The order was limited to 90 days, and there is no
question it could not have been fully litigated prior to its
expiration. The only question to be determined with regard to
this exception is whether there is a reasonable expectation
respondent will be subject personally to the same action again.
In re Alfred H.H., 233 Ill. 2d 345, 358-59, 910 N.E.2d 74, 82
(2009).
Respondent acknowledges our supreme court has found
where a claim on appeal raises the issue of sufficient evidence
to order involuntary commitment, it does not meet the requirement
of "same action" where a respondent disputes whether the specific
facts established at his hearing were sufficient to find he was a
danger to himself or to others and, thus, subject to involuntary
commitment.
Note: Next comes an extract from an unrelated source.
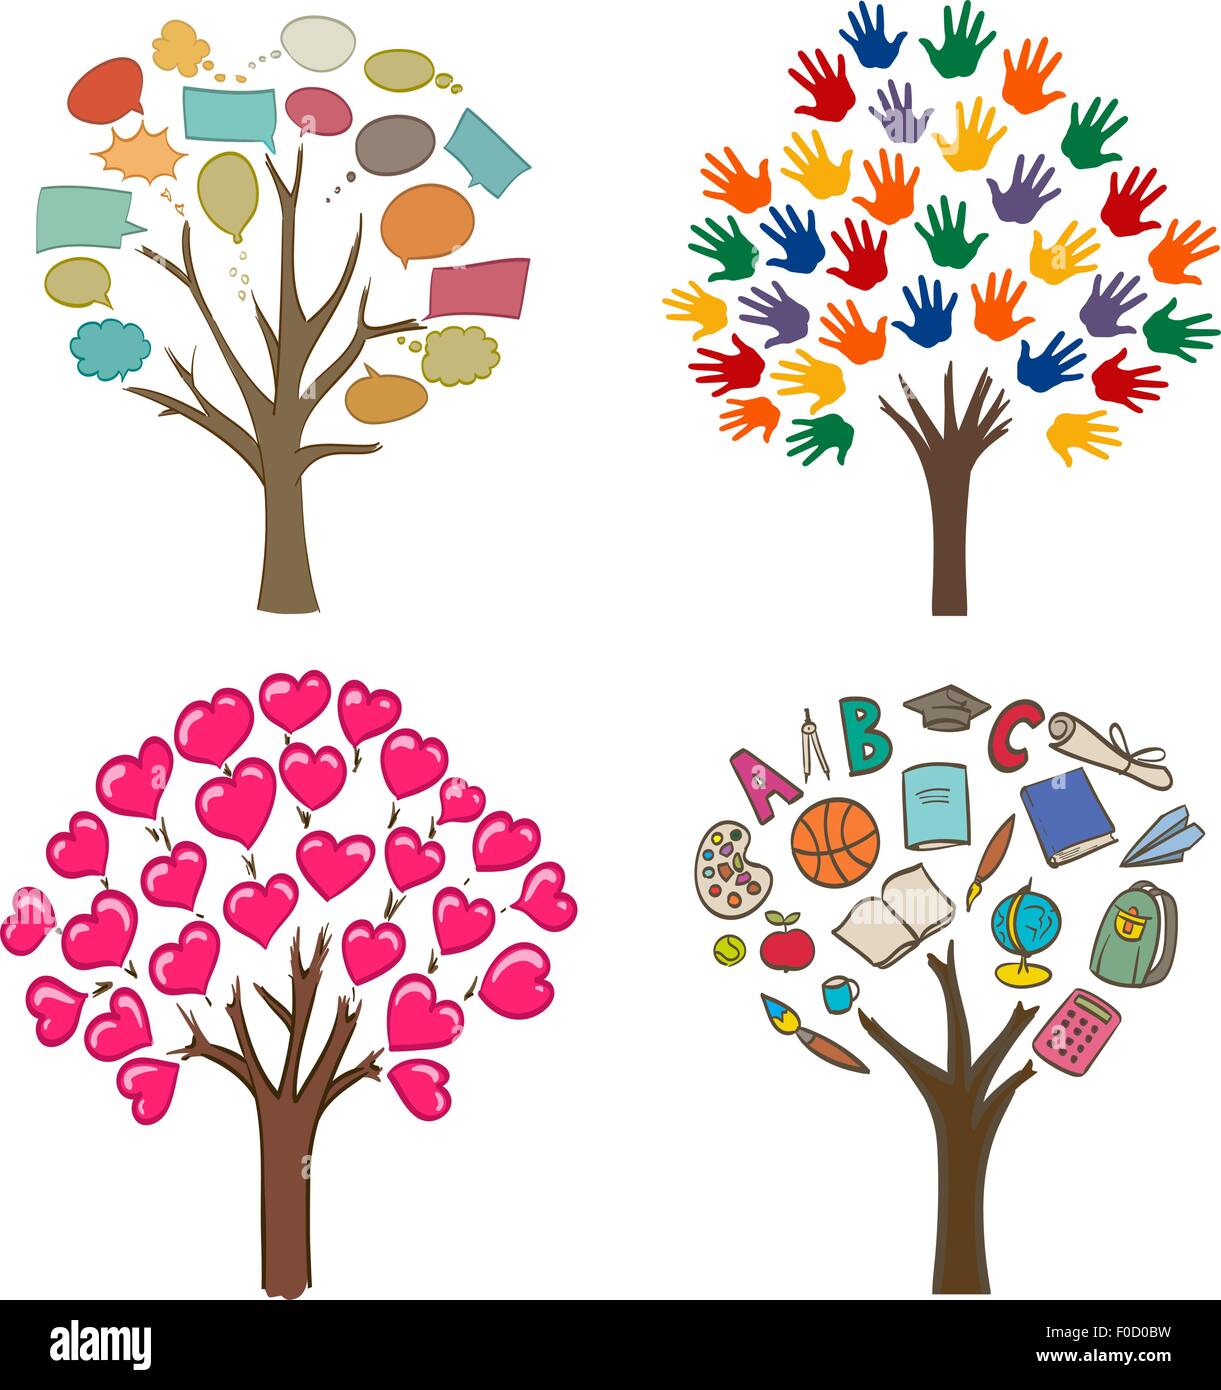 der konzeptuelle Zeichnungen mit Bäumen, Liebe, Nachricht, Schule und offenen Händen Variationen Stock Vektor

The court stated "[t]here is no clear indication of
how a resolution of this issue could be of use to respondent in
future litigation." Alfred H.H., 233 Ill. 2d at 360, 910 N.E.2d
at 83.
Respondent argues he has raised constitutional and
statutory interpretation arguments, which he contends the court
in Alfred H.H. intimates would be sufficient to overcome the
mootness doctrine as "capable of repetition yet avoiding review."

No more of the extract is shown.